Скользнув вдоль Божьей дороги, взгляд его касается меня, и по телу пробегает разряд сродни амфетаминовому «приходу» – легкое покалывание расходится волнами от затылка по всему телу до самых кончиков пальцев.
Великан светло улыбается мне.
Протянув руку к затылку, он распускает волосы, и те солнечной волной ниспадают ему на плечи. Поводит плечами, разминая их, точно борец перед выходом на арену, и тучи расходятся: неизмеримая синева распускается над его головой, словно цветок. Облака рассыпаются во все стороны, оставляя город, сумерки разбегаются от сердца всего сущего, что есть Ма’элКот.
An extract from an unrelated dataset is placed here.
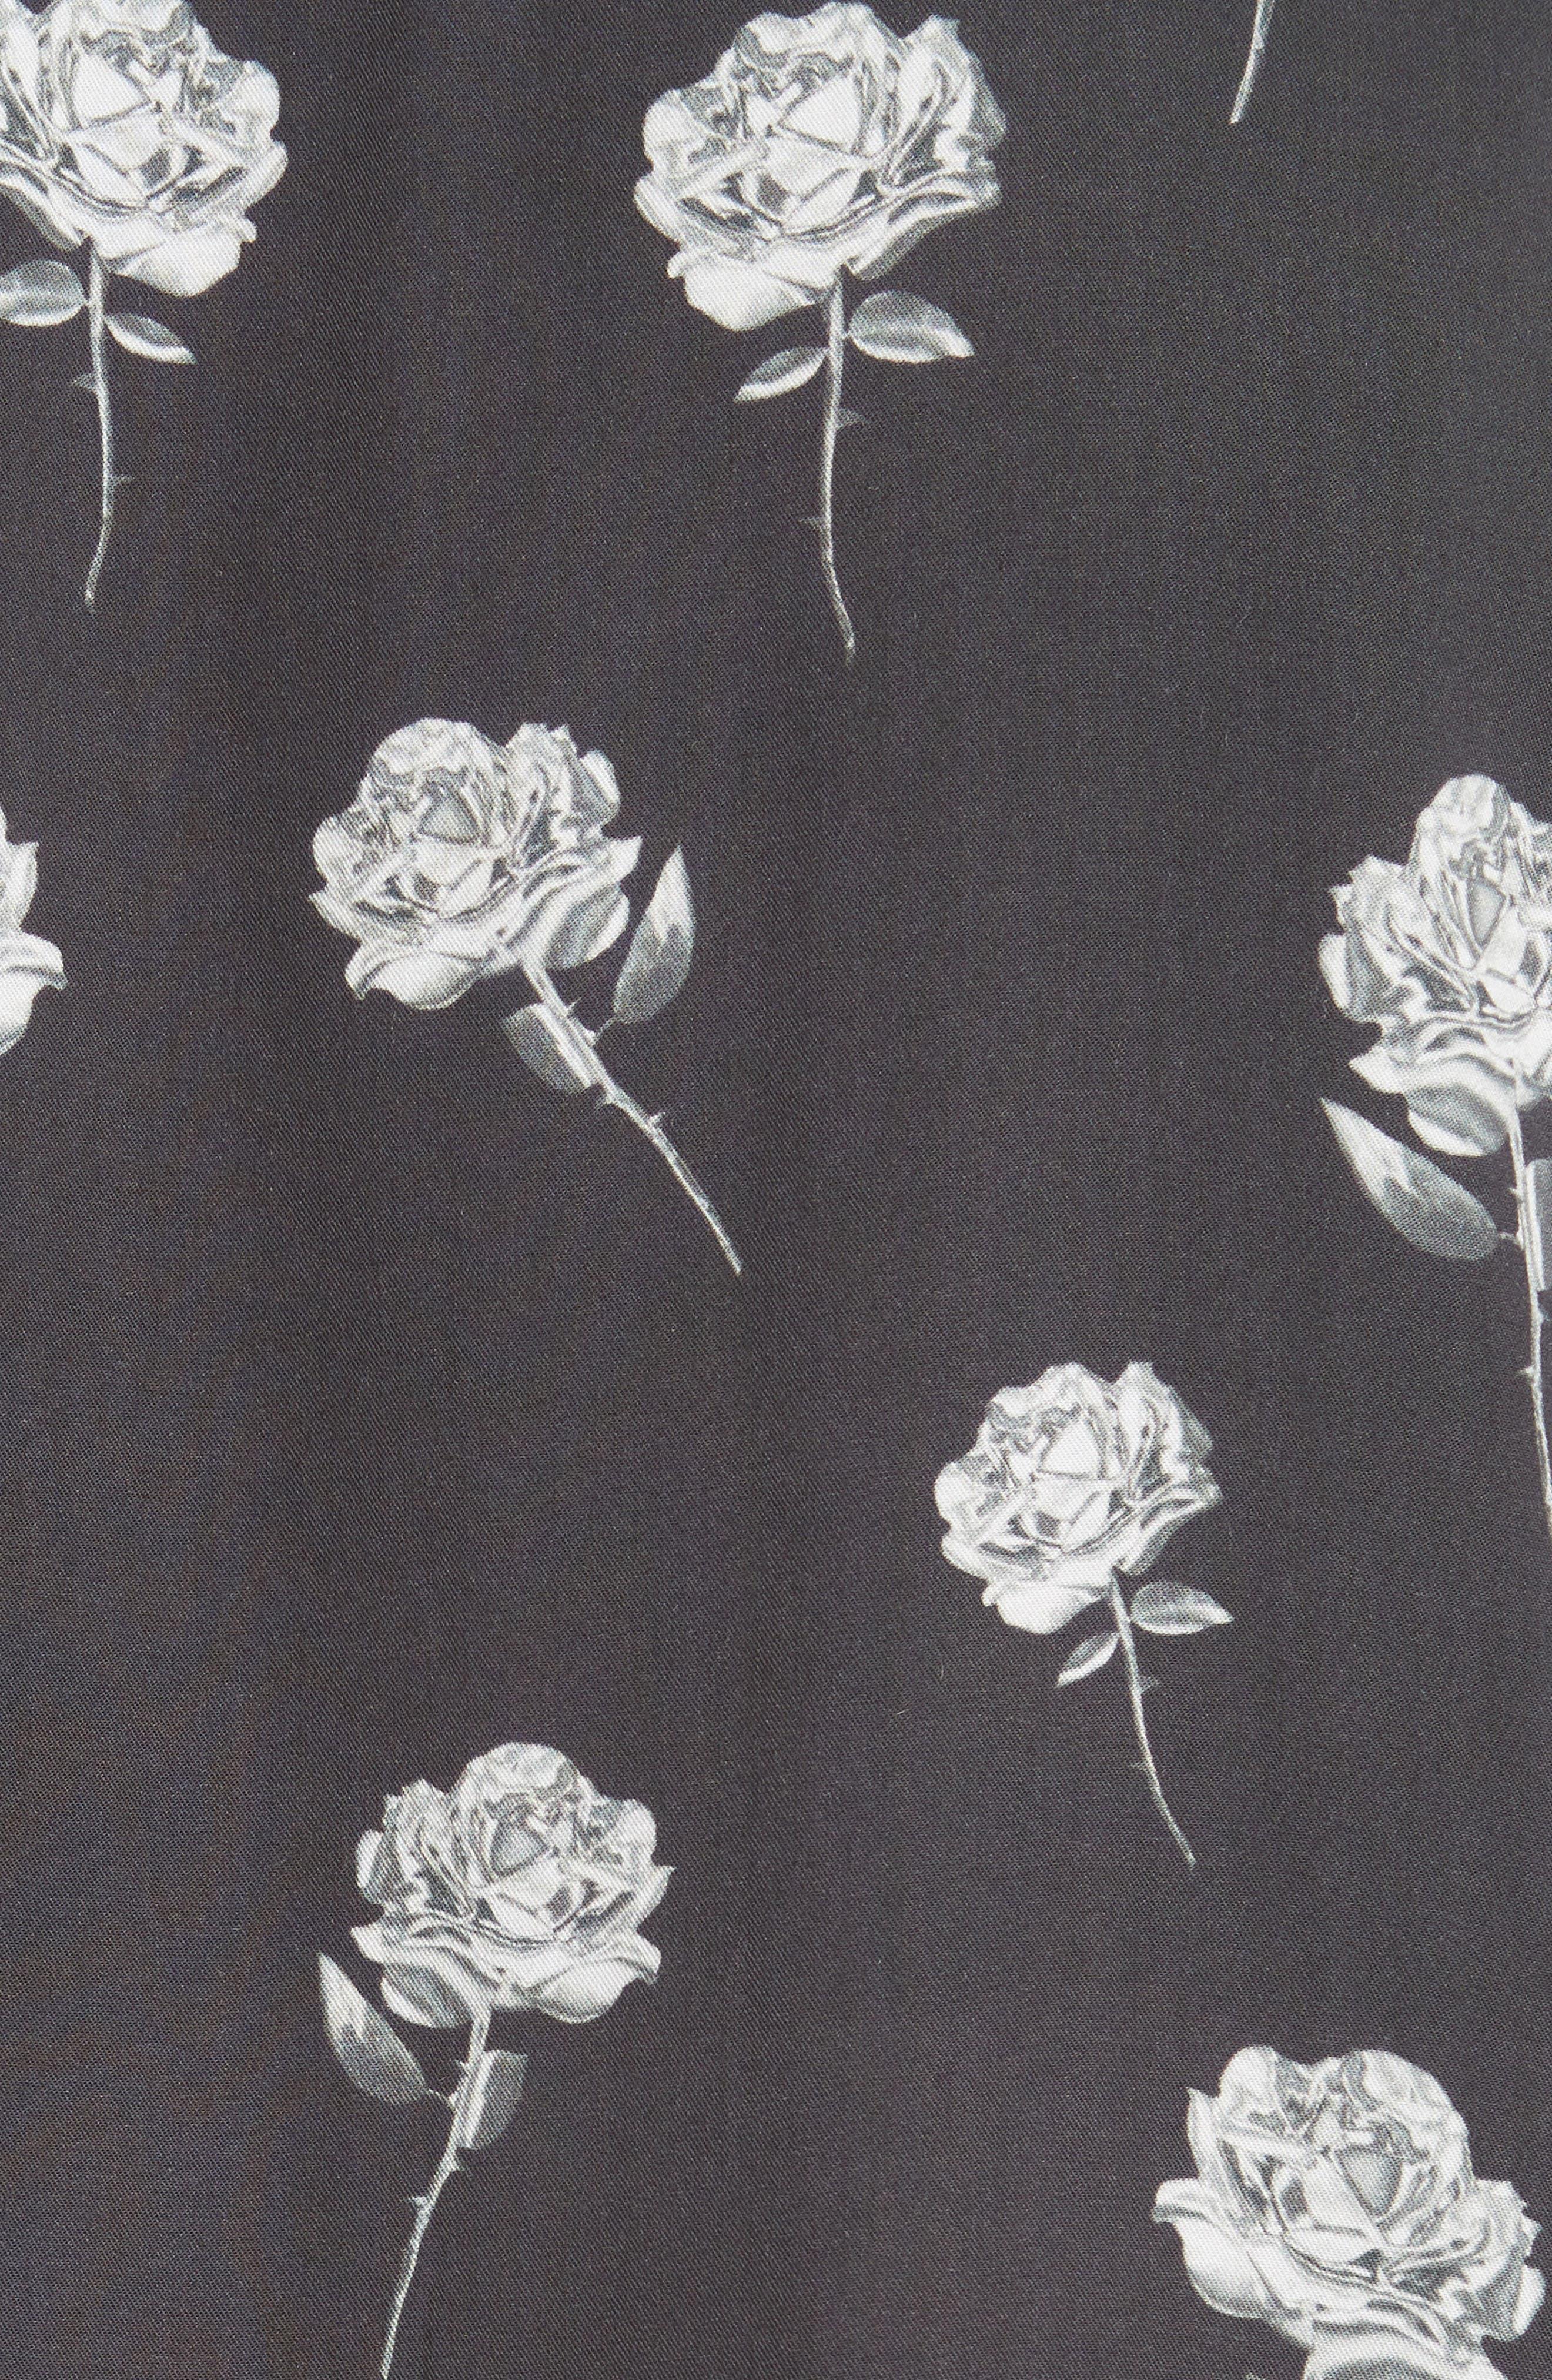 Chrome Rose Print Shirt,                             Alternate thumbnail 5, color,                             BROWN

Взгляд его приносит своего рода весну на мертвую городскую землю: из руин проклевываются алые, багряные с золотом, исчерченные красным ростки и тянутся к его сияющему лику – социальные полицейские и дворцовая стража и добрая старая имперская пехота. Люди выкапываются из каменных нор, помогают друг другу – даже раненые, даже умирающие, – лишь бы почтительно подняться и пасть ниц перед лицом своего господа.
Это выглядит причудливо .
Нет у меня другого слова.
Не в приниженном, смытом нынешнем смысле этого слова, как всего лишь «странного» или «нелепого». Причудливо в древнем, старинном значении.
При чуде .
Потому что в каком-то смысле я всегда находился здесь.
Я всегда восседал на смятом взрывной волной корпусе штурмкатера в руинах квартала Менял, глядя вдоль Божьей дороги на залитые кровью развалины Старого города, и Косалл всегда холодил мне колени. Рваные, скрученные титановые плиты вечно поскрипывали и попискивали, бесконечно остывая под моей задницей. В нескольких сотнях ярдов слева от меня от века зиял метеорным кратером провал на месте Зала суда, окруженный иззубренным венцом растаявших зданий; даже тысячелетняя циклопическая кладка стен Старого города оплыла, накренившись к реке геометрически правильной кривой, словно краешек горящей восковой свечи.